Limitation periods are set in the Limitation Act 1980 (the Act). Whilst the rules themselves are relatively straightforward, applying them can be more complicated. Limitation periods can cause significant problems for claimants because the Court will have little patience for claimants who have missed the window in which to bring a claim. Claims which are not brought before the relevant deadline will be time barred and cannot be pursued, however strong the underlying merits may be. To avoid such problems, it is crucial to establish when any relevant limitation period may expire at the outset.

What are the limitation periods?

  • Under section 5 of the Act, for actions founded on a simple contract, a claimant has six years from the date of the breach of contract within which to bring a claim. In the case of a deed, the period is extended to 12 years.

  • Likewise in tort (also including claims in deceit), section 2 sets out that a claimant has six years beginning on the date the cause of action accrued. For example, in relation to professional negligence this will be six years from the date on which the damage or loss is suffered.

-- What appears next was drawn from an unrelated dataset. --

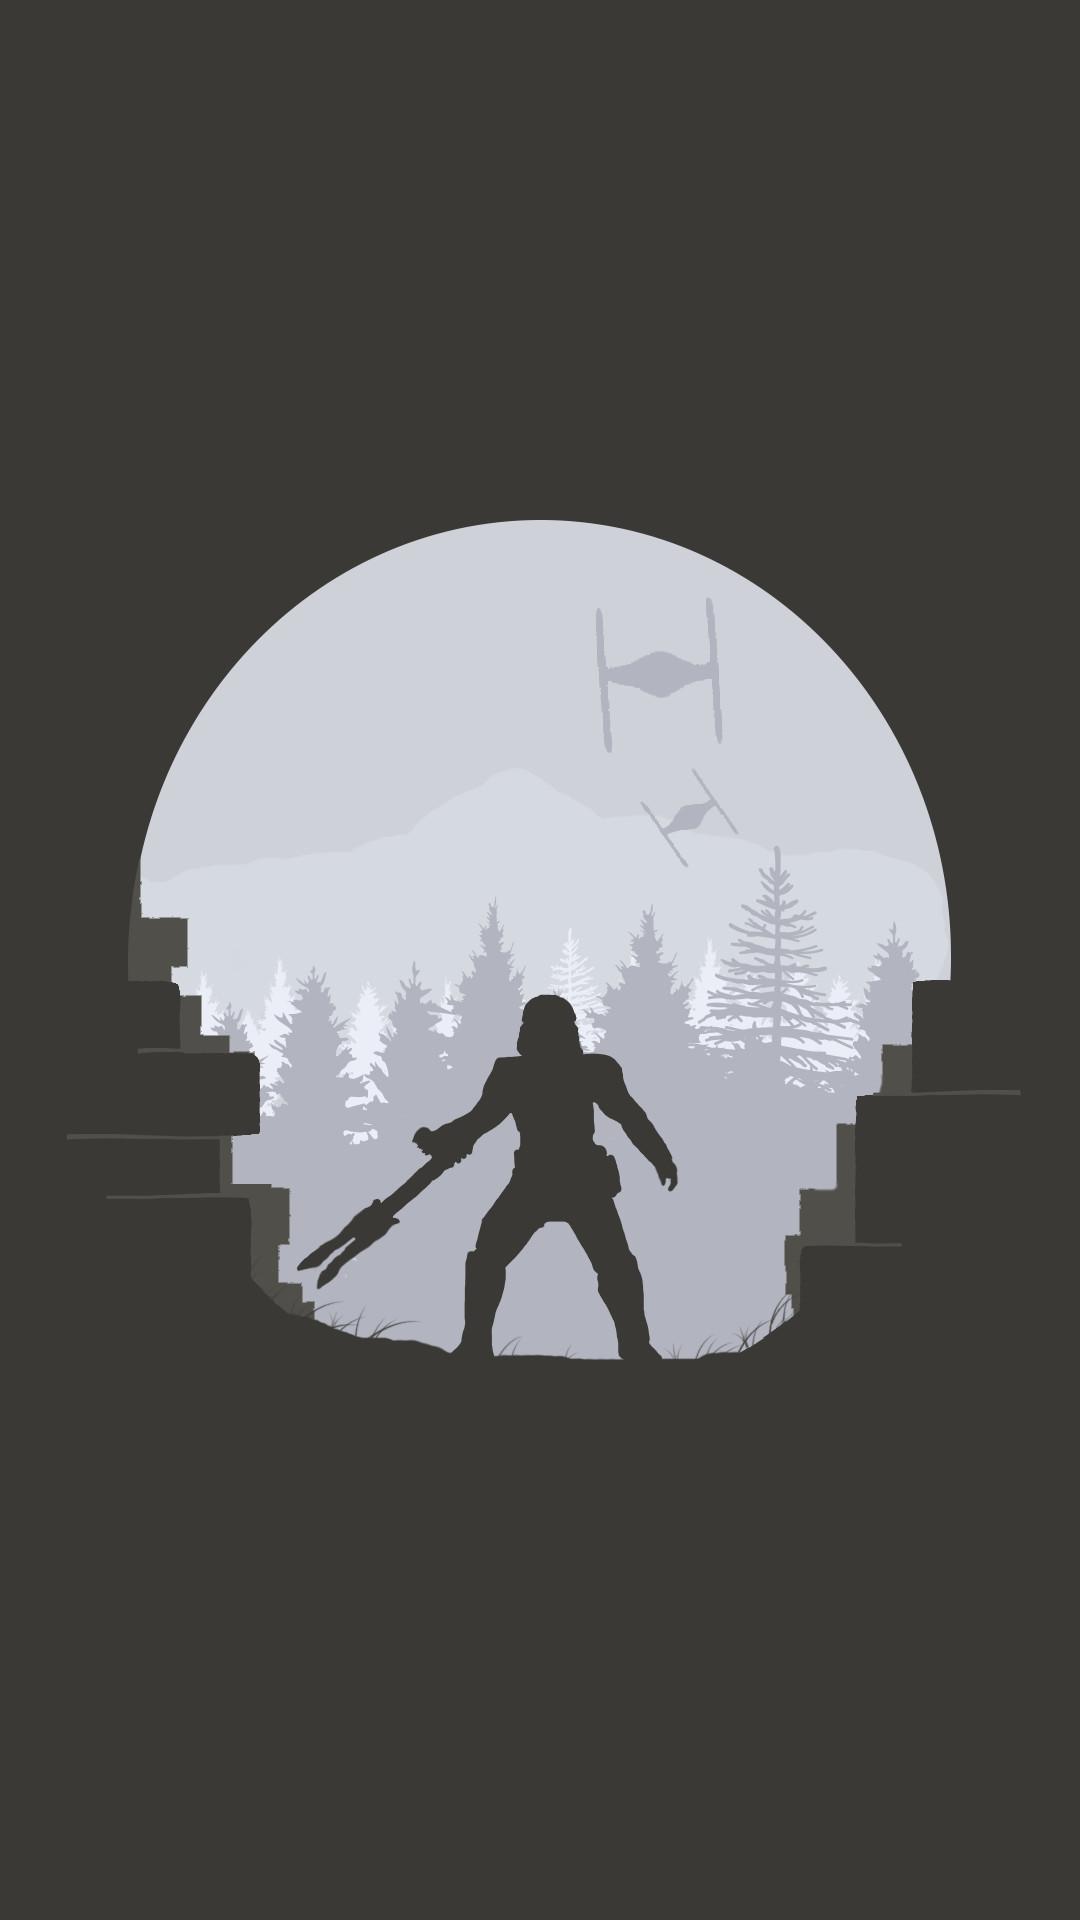 … desktop (1920 x 1080). Star Wars iPhone Wallpaper The Force Unleashed Kylo  Ren

  • In the case of claims in negligence, the six-year period is subject to section 14A of the Act, which extends the primary limitation period by three years if the claimant does not have knowledge of all material facts at the time the cause of action accrued. In such a case, the limitation period is the later of either:

    - six years from when the cause of action accrued; or

    - three years from the date when the claimant knows or ought to have known about the claim.
  • If a claimant relies on the extension in section 14A, they should be aware that section 14B of the Act imposes a longstop period of 15 years from the date of the negligent act or omission in question, even if the claimant did not have the requisite knowledge at all within that period.

  • Section 32 of the Act can also extend the relevant limitation period in cases of fraud or concealment. In such cases, the period of limitation does not begin to run at all until a claimant has discovered the fraud or concealment, or could have reasonably discovered it. The primary six-year limitation period will begin to run at that point.

  • Personal injury claims (section 11) differ – the limitation period is three years from the later of (1) the date of the negligent act which causes the injury and (2) the date of knowledge of the person injured (with some exceptions, for example in relation to children, mental incapacity or if the injured person dies within the three year period).

  • Defamation claims must be brought within one year from the defamatory statement being published (section 4A).

If a claimant has concurrent actions ie in contract and tort, he or she may be able to choose which claim to pursue, even if the reason is because the limitation period for one of the claims has expired. Parties are also free to agree a different limitation period than that prescribed by legislation, either in a contract before any dispute arises or once a dispute is known, by way of a so-called limitation standstill agreement.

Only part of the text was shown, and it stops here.